Your customers—regardless if you’re in high tech, manufacturing, healthcare, or financial services—expect a seamless experience each time they engage with you. Customer loyalty is precarious at best, and in response, every company is figuring out how to play offense with software. After all, research shows that highly engaged customers buy 90% more frequently, spend 60% more per purchase, and have three times more annual value than average customers. That’s why you need your infrastructure to scale to your busiest day while continuously delivering delightful, differentiating experiences.

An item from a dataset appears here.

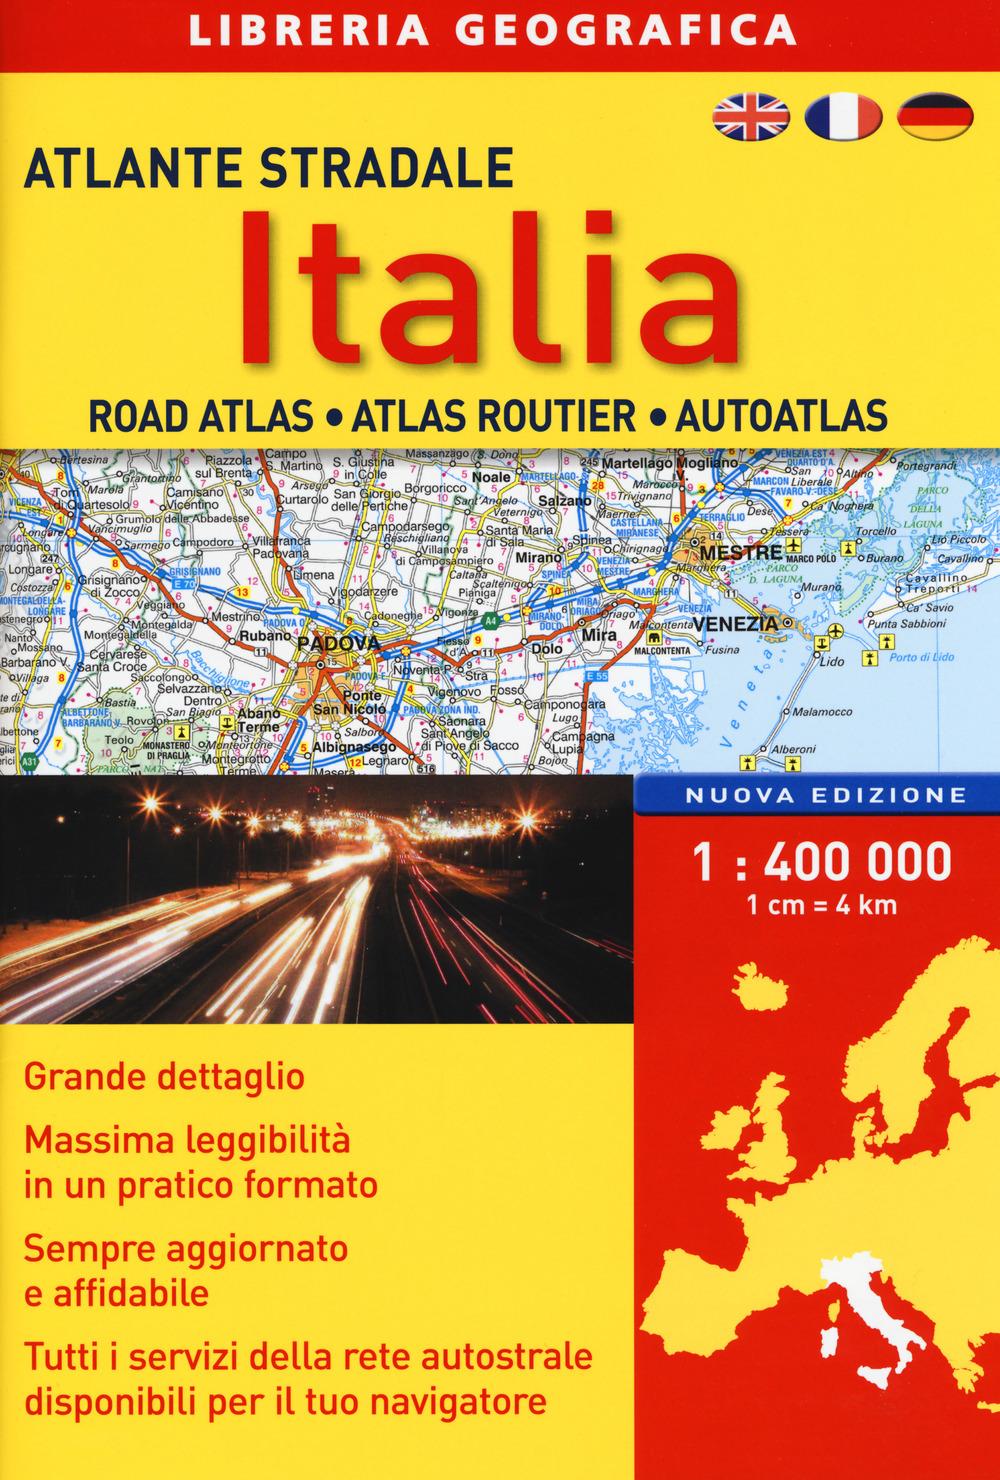 Image of Atlante stradale Italia 1:400.000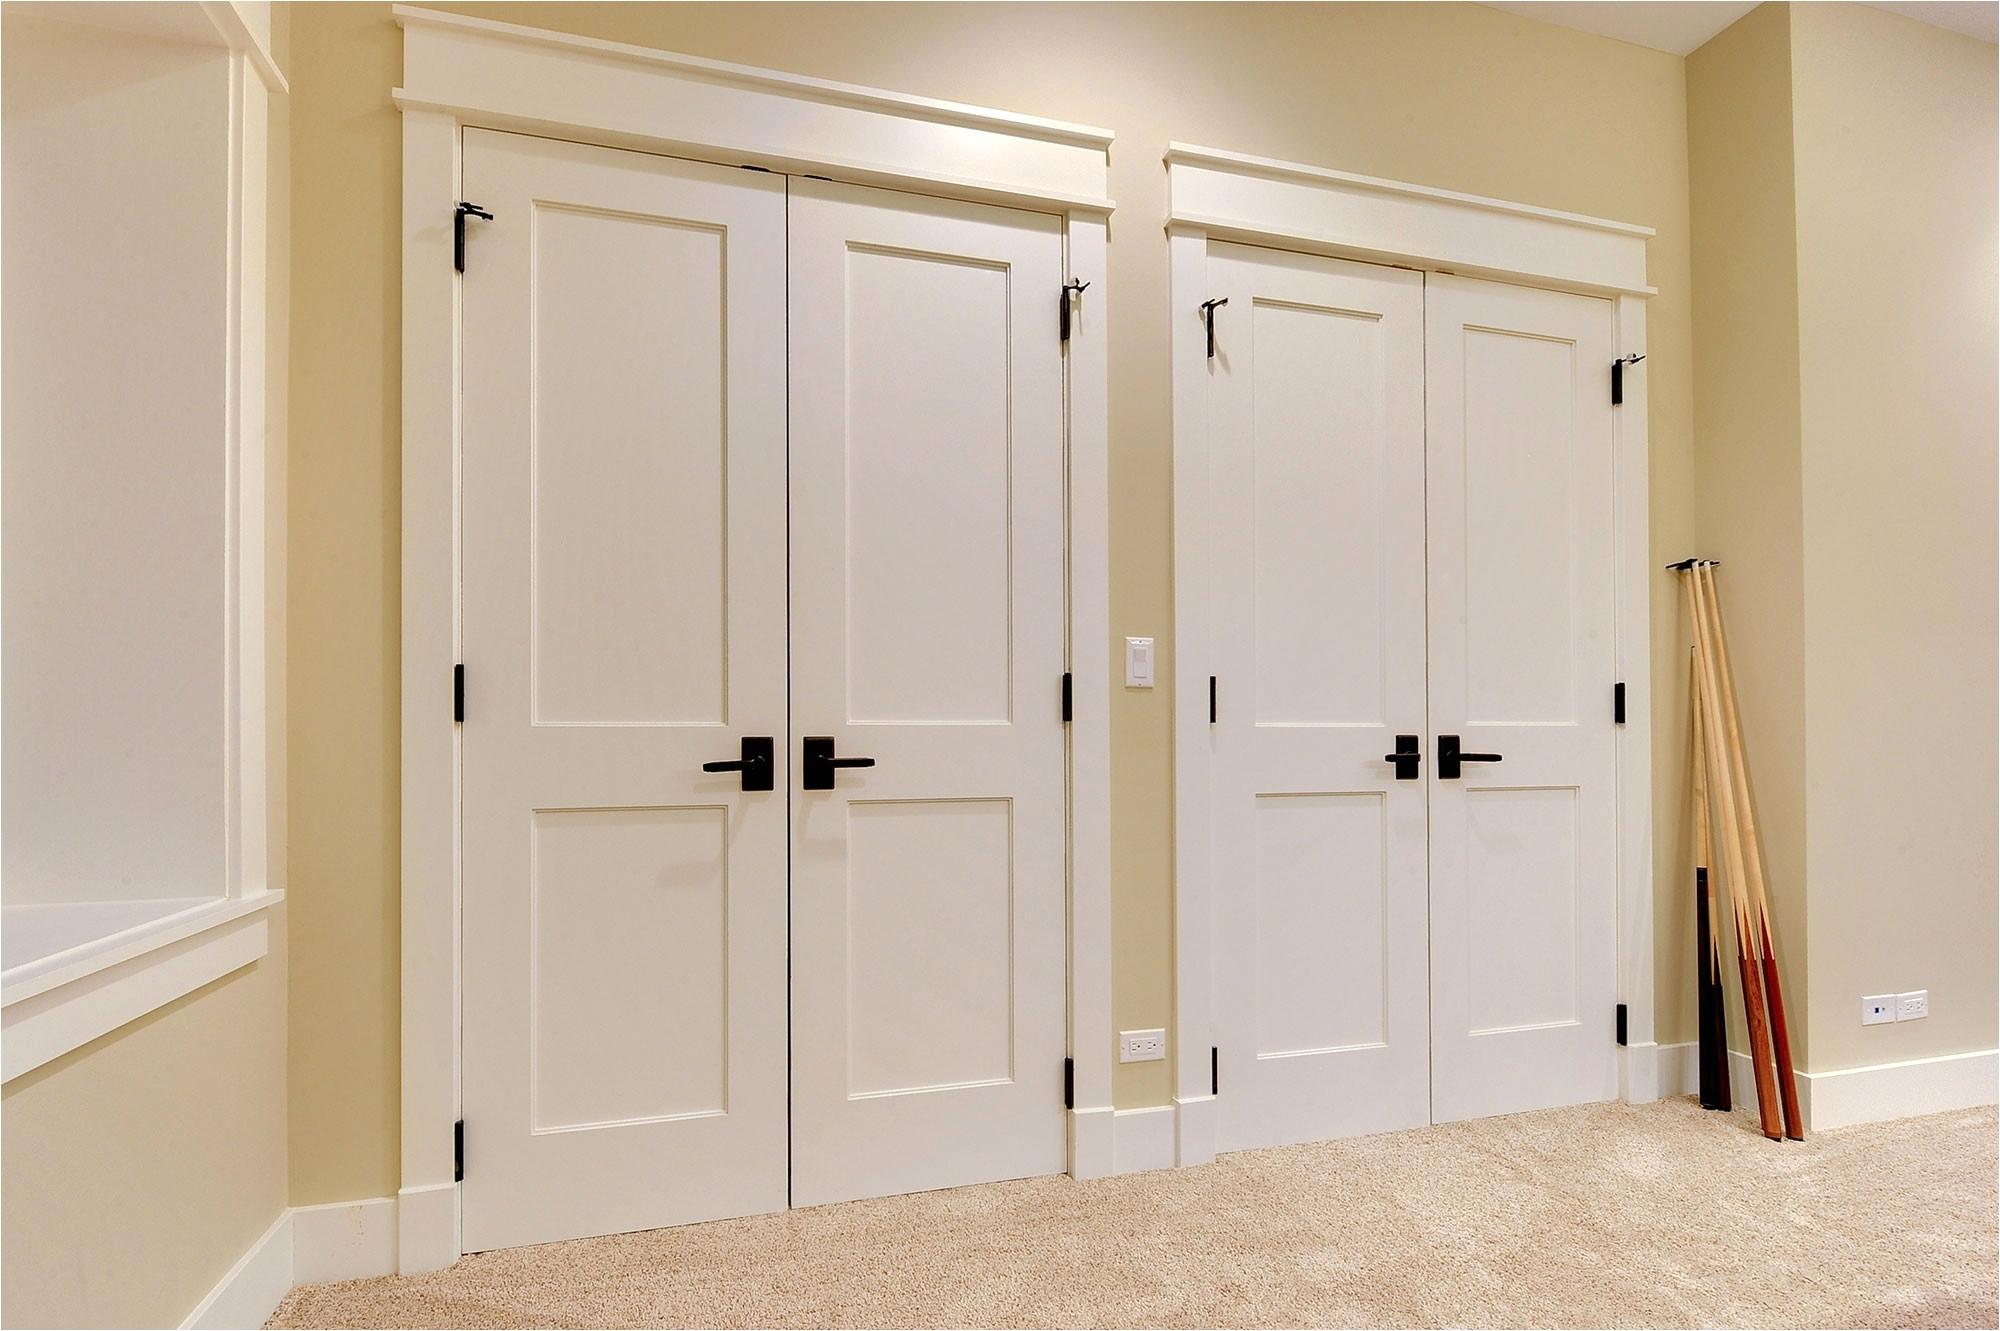 Bifold Interior Closet Doors 50 Luxury Louvered Interior Doors Images 50  Photos Home Improvement

But here’s the paradox: How do you support these cutting-edge customer experiences without inadvertently compromising customer experience? The importance of excellent customer experience has been well documented. Bad customer experiences are more powerful than good customer experiences. We’ve all seen the headlines about how a few hours of downtime can cost millions in revenue and more in goodwill. The good news: Pushing new code and leveraging modern infrastructure doesn’t have to be a high-risk proposition. A well-run observability practice enables you to deliver excellent customer experiences with software despite the complexity of the modern digital enterprise.

New Relic defines three phases of observability maturity to chart your path—reactive, proactive, and data-driven. The ultimate goal of any observability practice is an automated, self-healing system that allows your developers to understand the effect of updates on the end user’s digital experience in real time and helps your engineers know not just that a failure occurred, but why.

This ebook dives into each phase of your observability journey and explains the activities and key performance indicators (KPIs) inherent in each.

Observability Maturity: Reactive Phase

REACTIVE BEHAVIORS AND RECOMMENDATIONS

Instrument and tune
Establish baselines and set foundational alerts

KPIs: Errors, throughput, latency, traffic, saturation, utilization, Apdex

We’ve all heard the phrase “You can’t improve what you can’t measure.” Accordingly, a strong observability practice starts with putting instrumentation in place to aggregate as much telemetry data about your systems as possible. From there, teams can prioritize eliminating obvious problems.

Instrument and tune

When choosing what to monitor, involve business stakeholders and digital leaders from your organization. Your goal is to monitor what matters to your business and not to overload your teams with noise.

Metrics, events, logs, and traces (or MELT for short) are the essential data types of observability. Aggregating data from disparate sources, including logs, and storing it in one place, gives you the ability to analyze, visualize, and troubleshoot your systems from a single platform. This ability to instrument any data type from any source (proprietary or open source) is critical for observability, as it allows you to get telemetry quickly, no matter the data type, and resolve issues dynamically as they arise.

_{The Four Golden Signals (as laid out in the Google SRE Handbook)—a useful starting point as you baseline your applications.}

With all your business-critical observability data in one place, you can reduce the operational burden—and expense—of maintaining other systems for storing, querying, viewing, and alerting on that data.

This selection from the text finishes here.